The location of information processing, information and data storage, or system services can have a direct impact on the ability of organizations to successfully execute their mission and business functions. The impact occurs when external providers control the location of processing, storage, or services. The criteria that external providers use for the selection of processing, storage, or service locations may be different from the criteria that organizations use. For example, organizations may desire that data or information storage locations be restricted to certain locations to help facilitate incident response activities in case of information security incidents or breaches. Incident response activities, including forensic analyses and after-the-fact investigations, may be adversely affected by the governing laws, policies, or protocols in the locations where processing and storage occur and/or the locations from which system services emanate.

  1. Restrict the location of [Selection (one or more): information processing; information or data; system services] to [Assignment: organization-defined locations] based on [Assignment: organization-defined requirements or conditions].

[SA-9.6] Organization-controlled Cryptographic Keys

Maintaining exclusive control of cryptographic keys in an external system prevents decryption of organizational data by external system staff.
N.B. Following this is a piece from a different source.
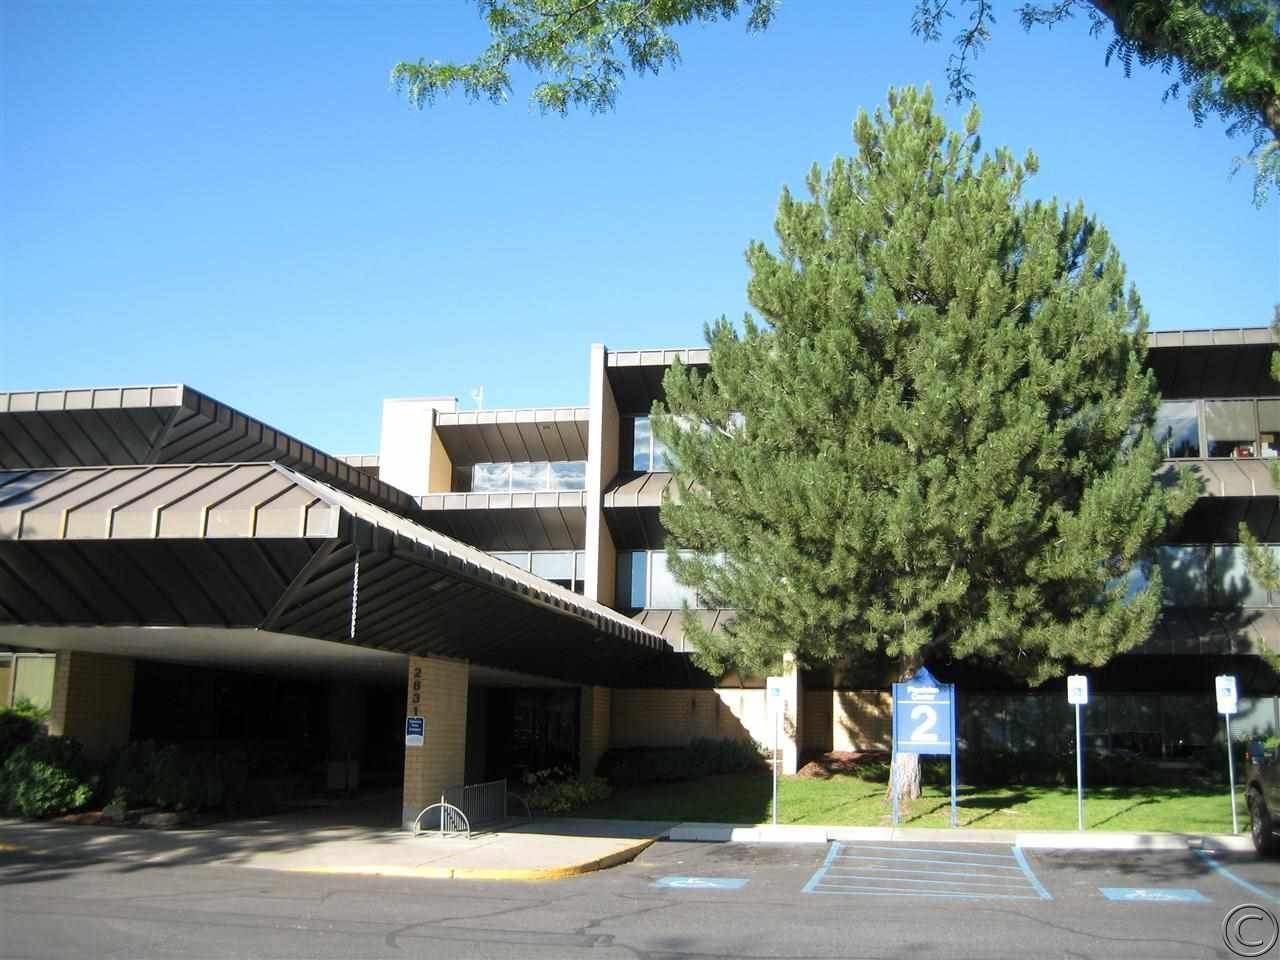 2831 Fort Missoula Road Suite 304, Missoula, MT 59804

Organizational control of cryptographic keys can be implemented by encrypting and decrypting data inside the organization as data is sent to and received from the external system or by employing a component that permits encryption and decryption functions to be local to the external system but allows exclusive organizational access to the encryption keys.

  1. Maintain exclusive control of cryptographic keys for encrypted material stored or transmitted through an external system.

[SA-9.7] Organization-controlled Integrity Checking

Storage of organizational information in an external system could limit visibility into the security status of its data. The ability of the organization to verify and validate the integrity of its stored data without transferring it out of the external system provides such visibility.

  1. Provide the capability to check the integrity of information while it resides in the external system.

[SA-9.8] Processing and Storage Location — U.S. Jurisdiction

The geographic location of information processing and data storage can have a direct impact on the ability of organizations to successfully execute their mission and business functions. A compromise or breach of high impact information and systems can have severe or catastrophic adverse impacts on organizational assets and operations, individuals, other organizations, and the Nation. Restricting the processing and storage of high-impact information to facilities within the legal jurisdictional boundary of the United States provides greater control over such processing and storage.

  1. Restrict the geographic location of information processing and data storage to facilities located within in the legal jurisdictional boundary of the United States.

[SC-6] Resource Availability

Priority protection prevents lower-priority processes from delaying or interfering with the system that services higher-priority processes. Quotas prevent users or processes from obtaining more than predetermined amounts of resources.

  1. Protect the availability of resources by allocating [Assignment: organization-defined resources] by [Selection (one or more): priority; quota; [Assignment: organization-defined controls]].